DESCRIPTION OF THE TASK:
Nothing but the lines below from the one containing "Rannsóknasetur Háskóla Íslands" through the one containing "Visitantes passeiam pelo" should appear in the answer, exact and without pictures.

SOURCE DATA:
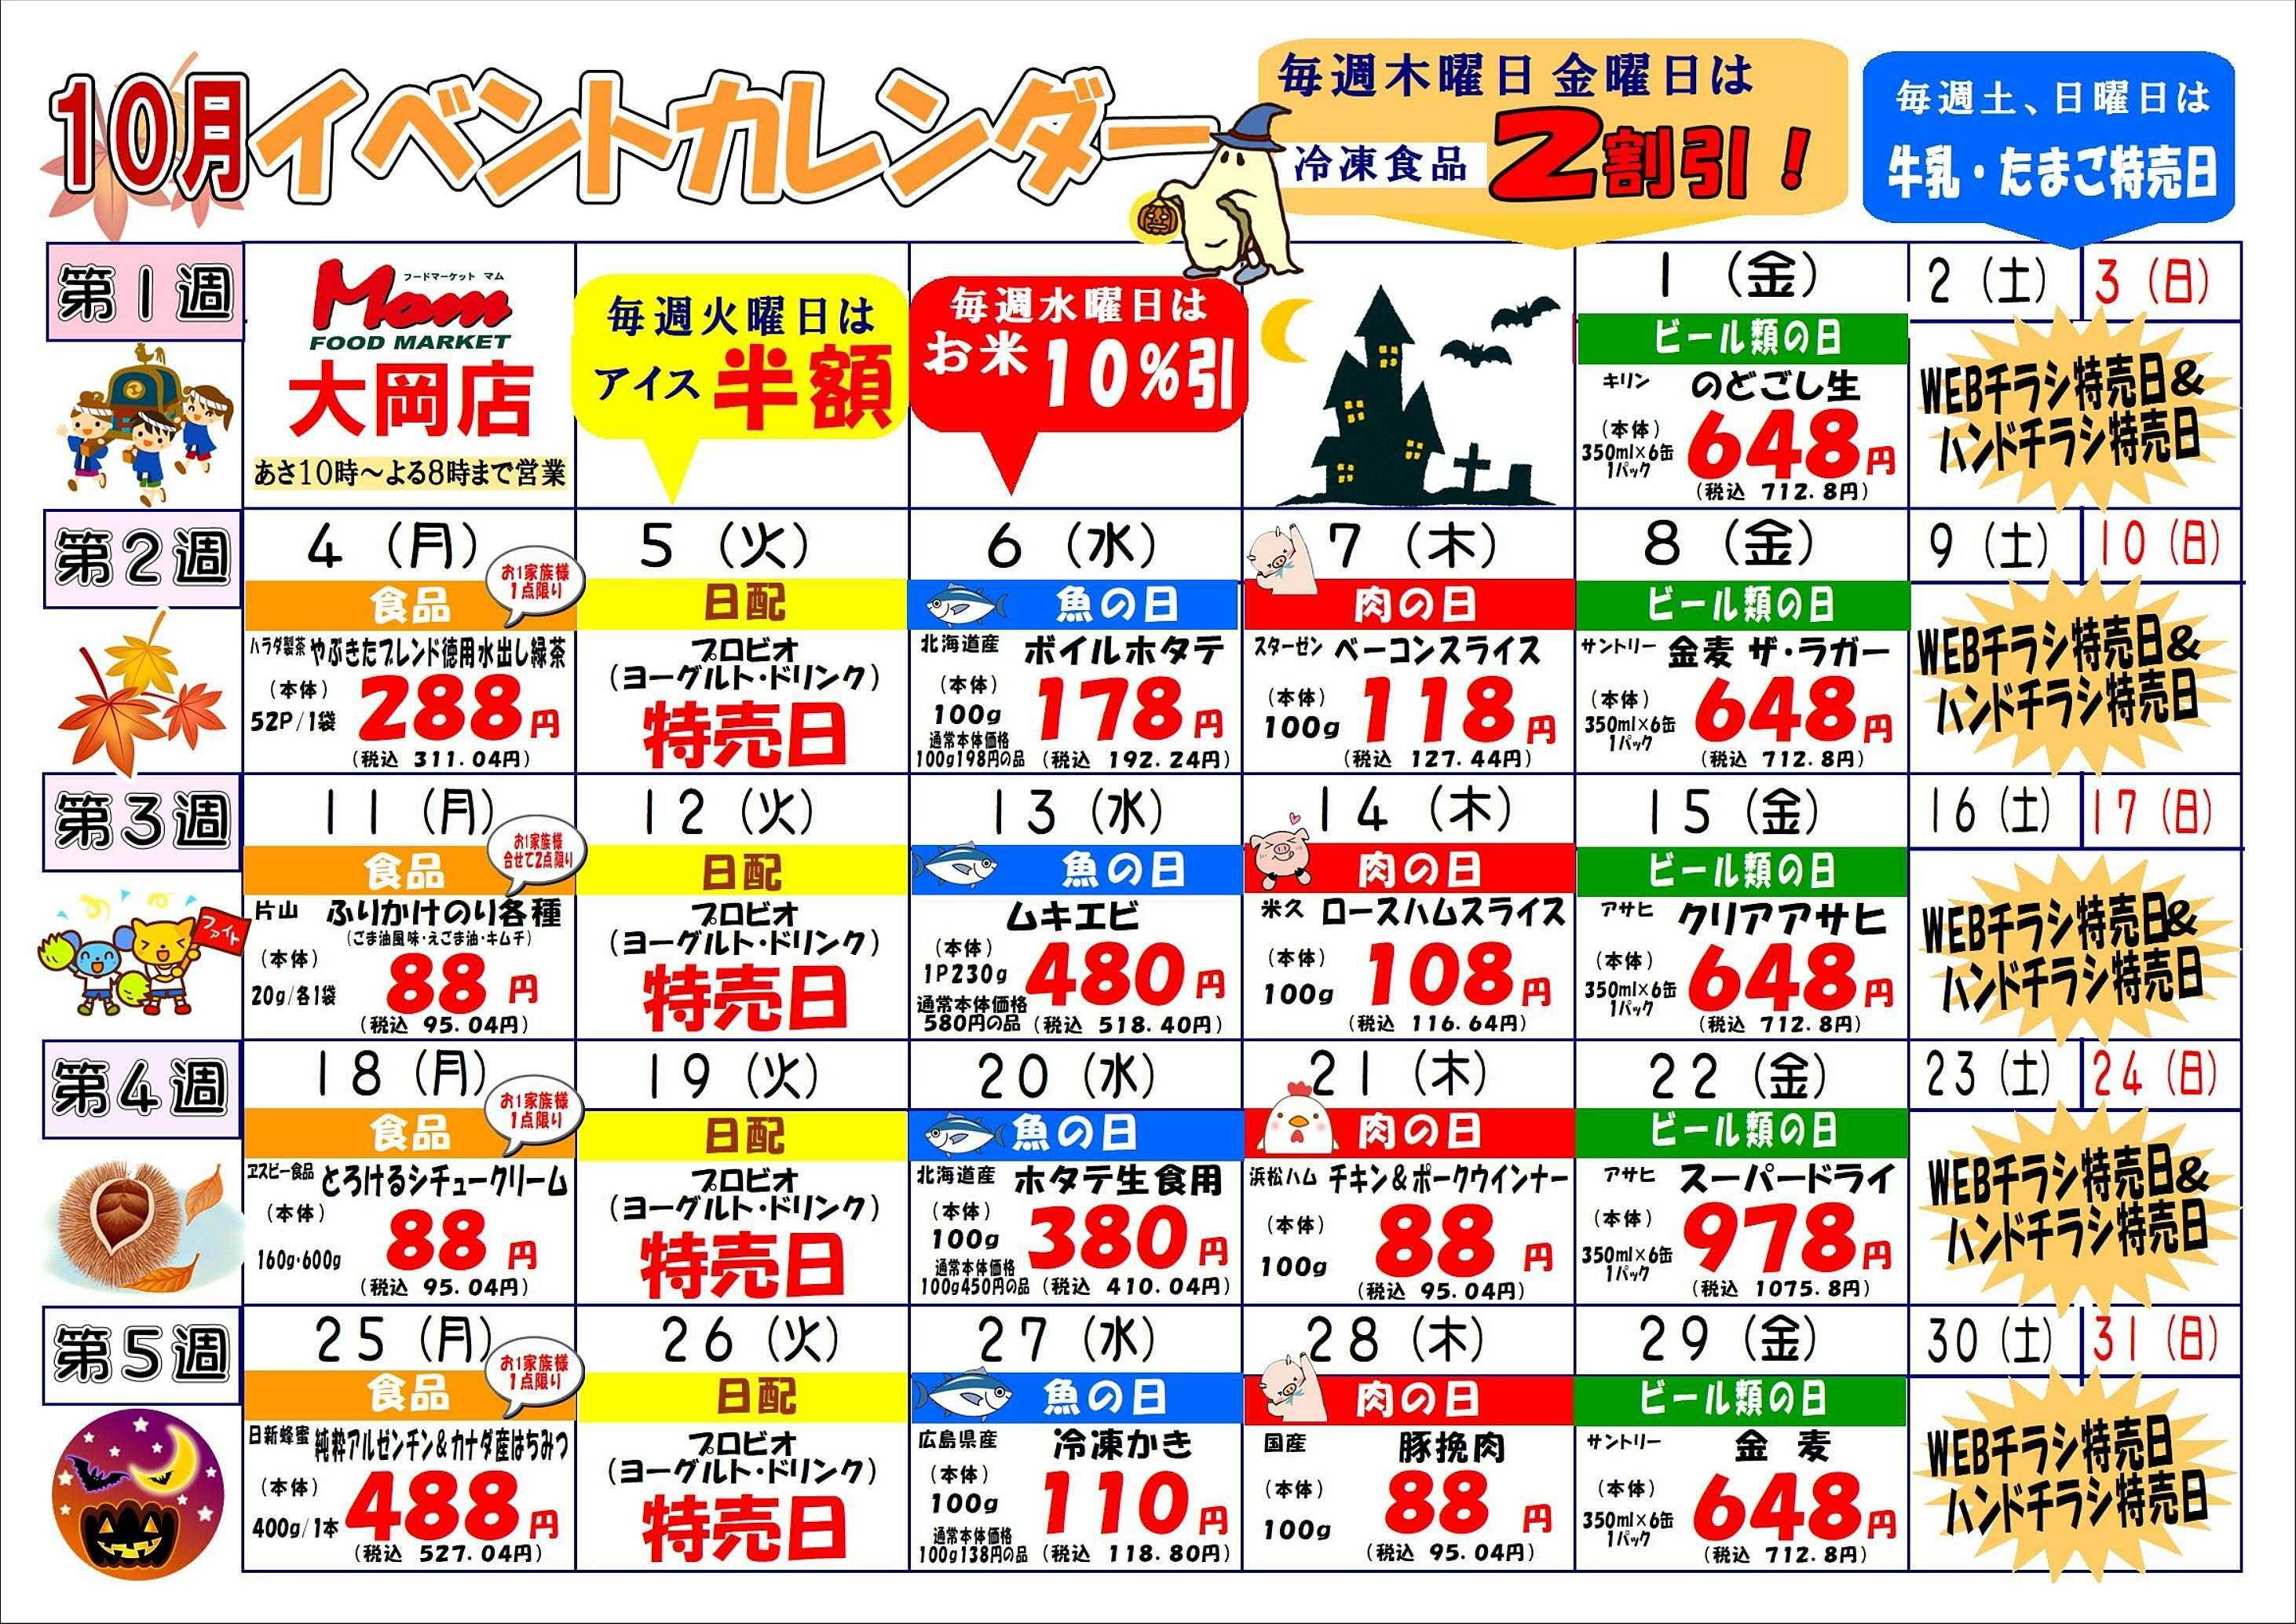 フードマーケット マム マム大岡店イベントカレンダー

...

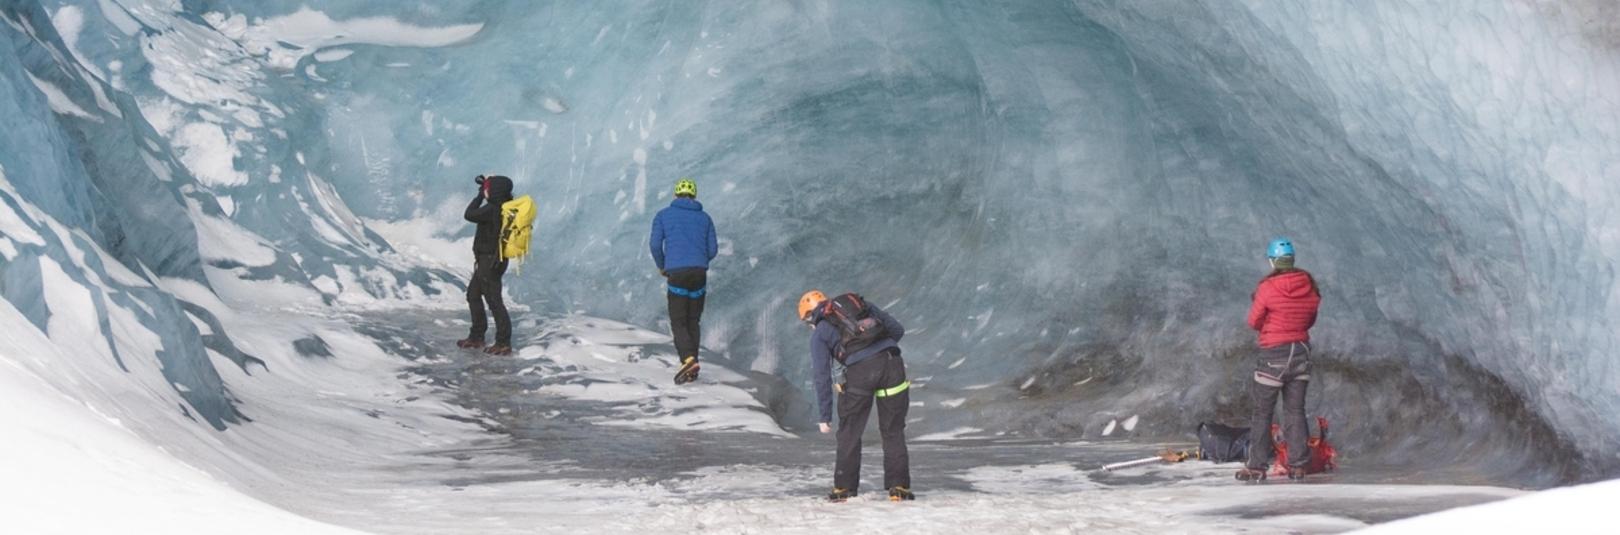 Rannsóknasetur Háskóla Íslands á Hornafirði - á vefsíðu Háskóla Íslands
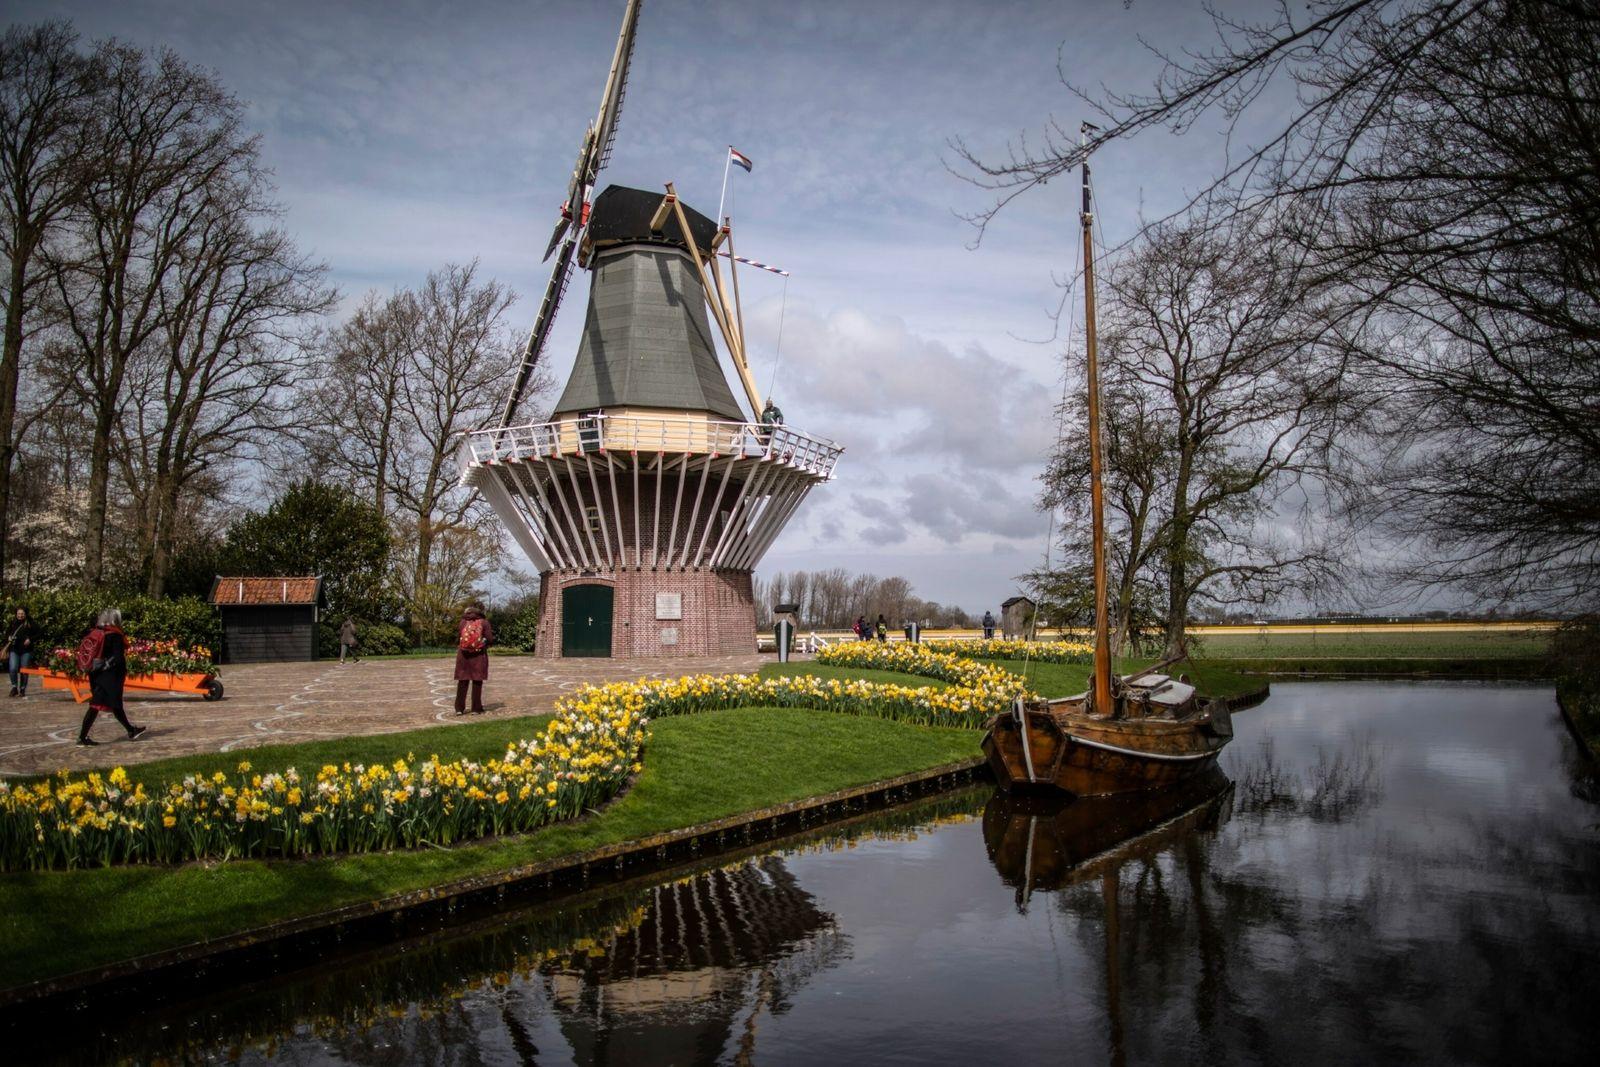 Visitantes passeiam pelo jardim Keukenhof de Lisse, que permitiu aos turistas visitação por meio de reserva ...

COMPLETED TASK:
 Rannsóknasetur Háskóla Íslands á Hornafirði - á vefsíðu Háskóla Íslands
 Visitantes passeiam pelo jardim Keukenhof de Lisse, que permitiu aos turistas visitação por meio de reserva ...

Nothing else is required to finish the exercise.